RECORDS TO PROCESS section start

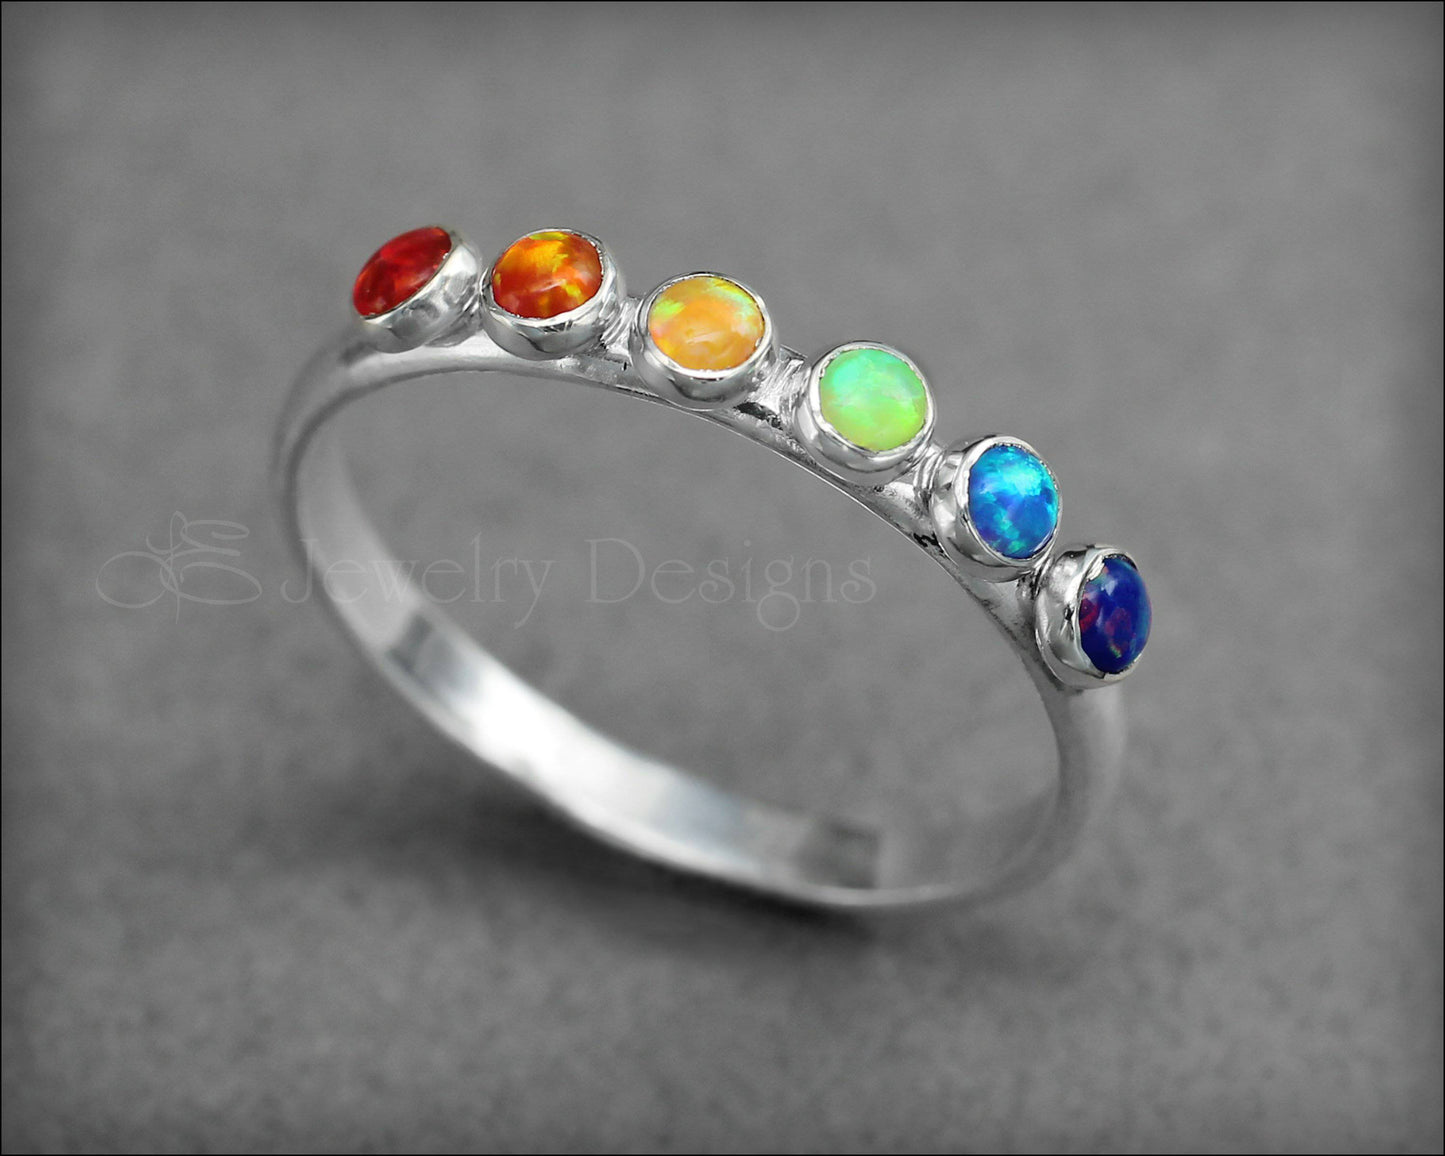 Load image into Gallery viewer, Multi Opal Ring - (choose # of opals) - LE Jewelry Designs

RECORDS TO PROCESS section end
RECORDS TO PROCESS section start

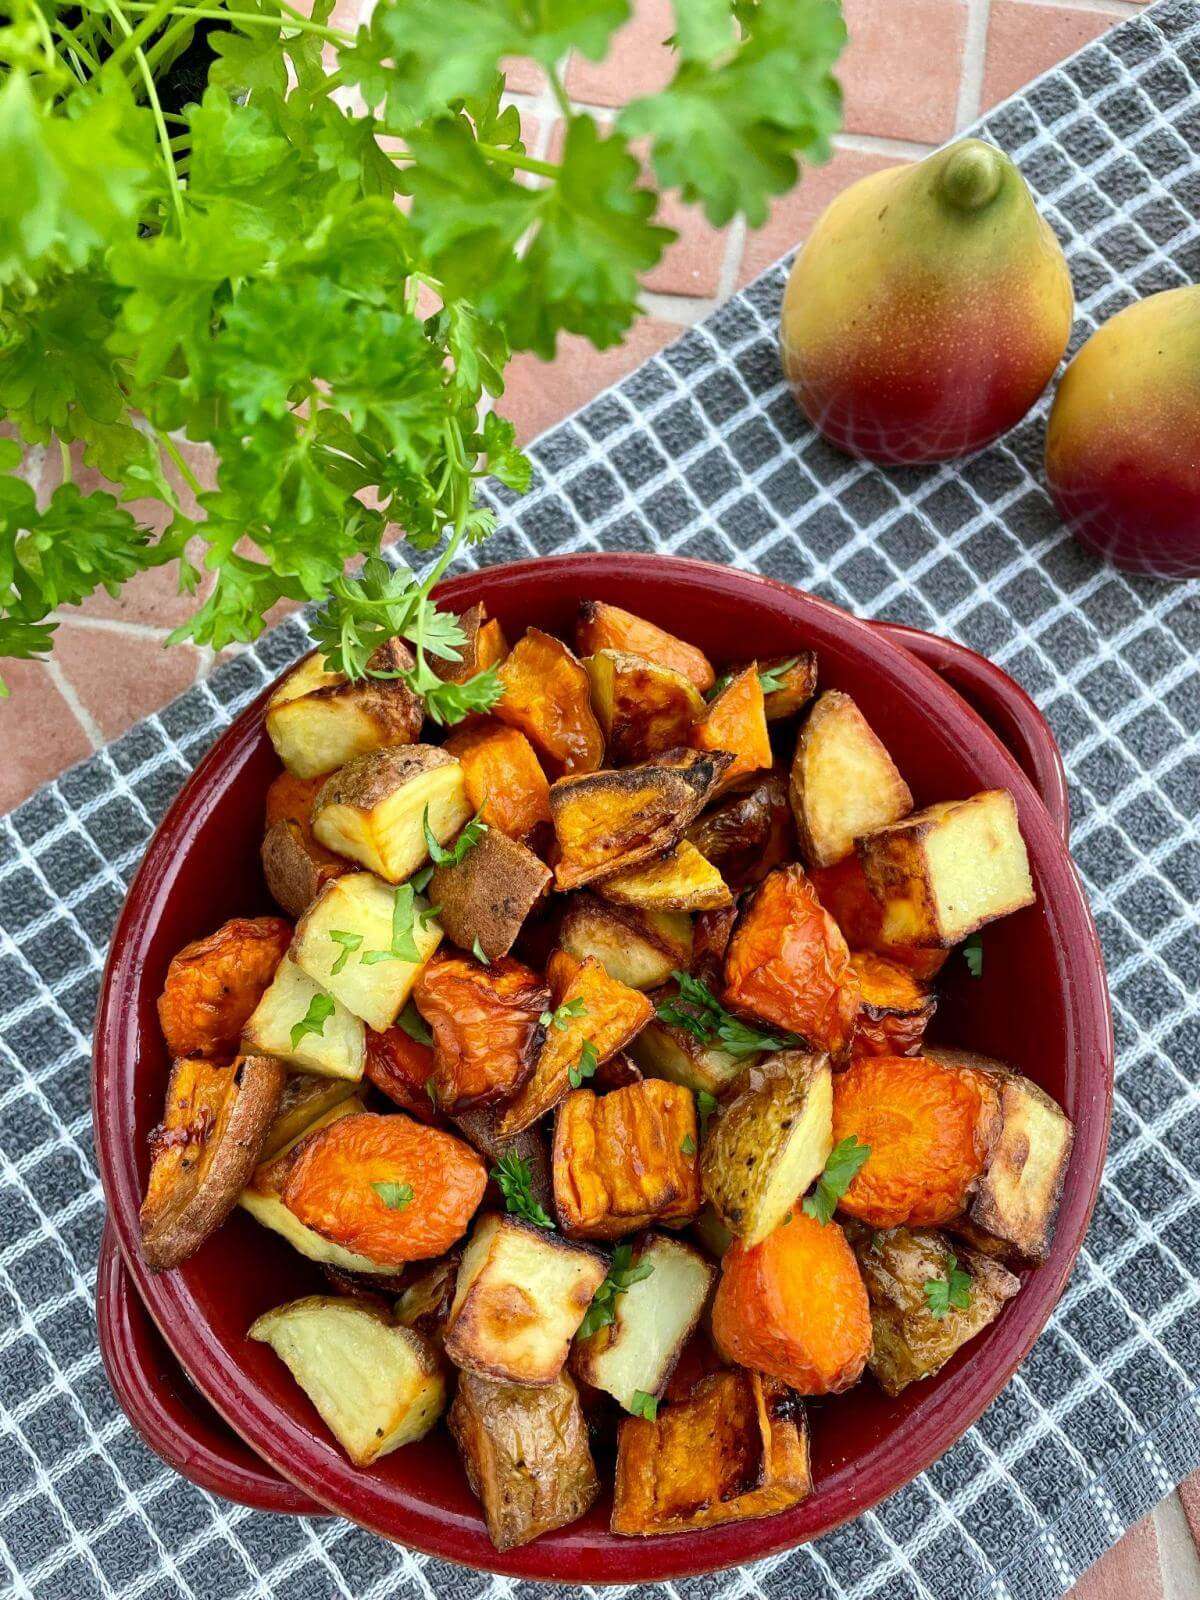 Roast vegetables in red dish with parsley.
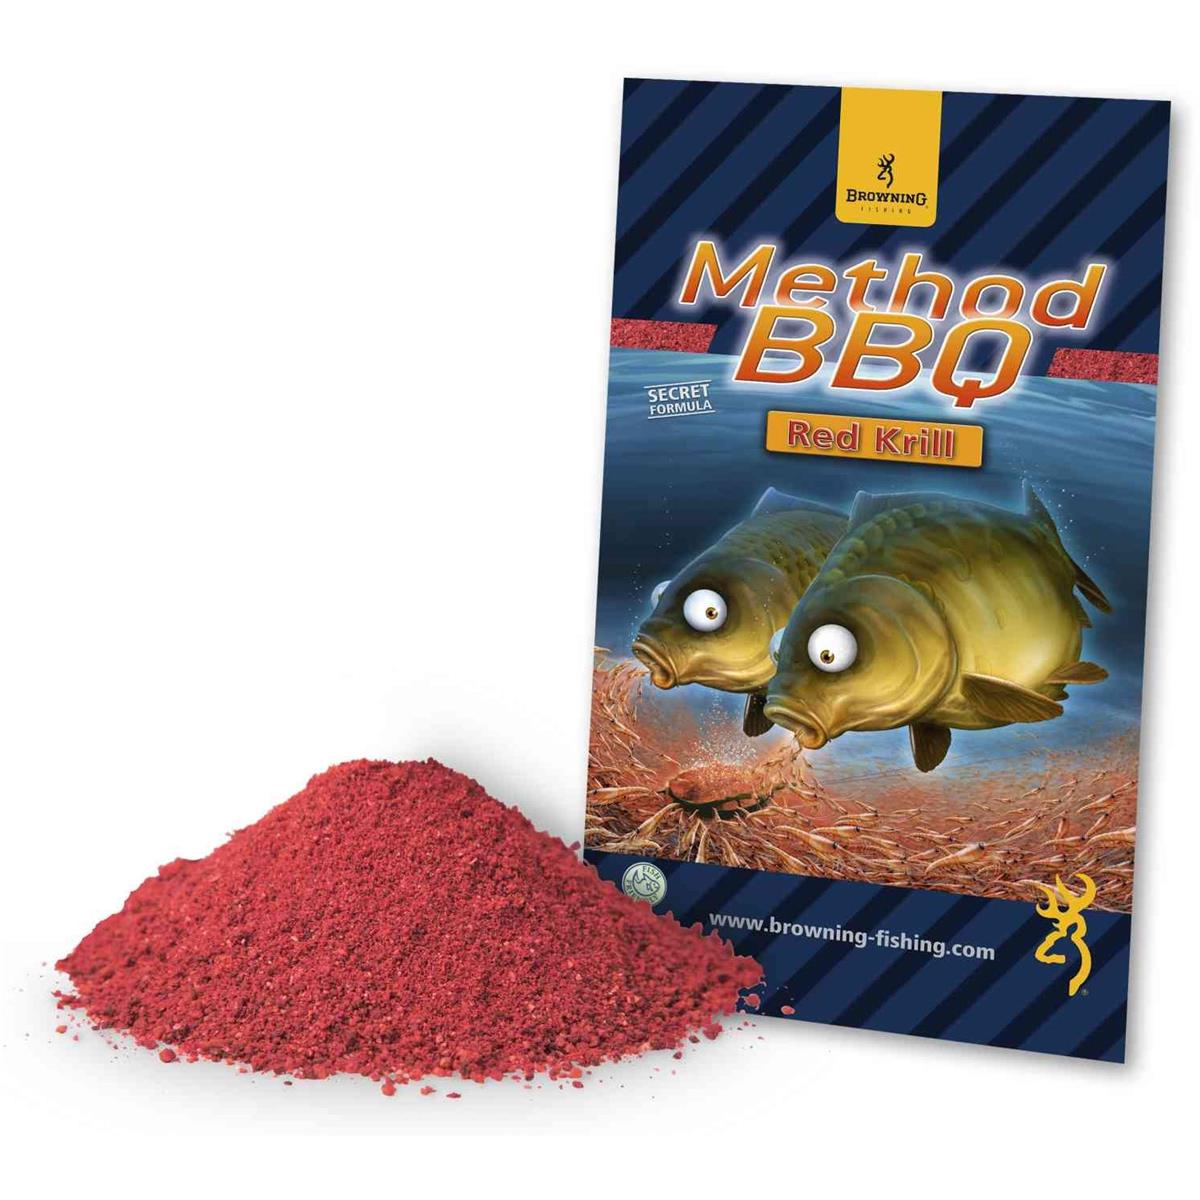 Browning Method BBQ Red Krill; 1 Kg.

RECORDS TO PROCESS section end

Nothing but the lines above from the line with "Roast vegetables in red dish with parsley." up to and including the line with "Browning Method BBQ Red Krill; 1 Kg." should be returned, exactly as written and without pictures.

 Roast vegetables in red dish with parsley.
 Browning Method BBQ Red Krill; 1 Kg.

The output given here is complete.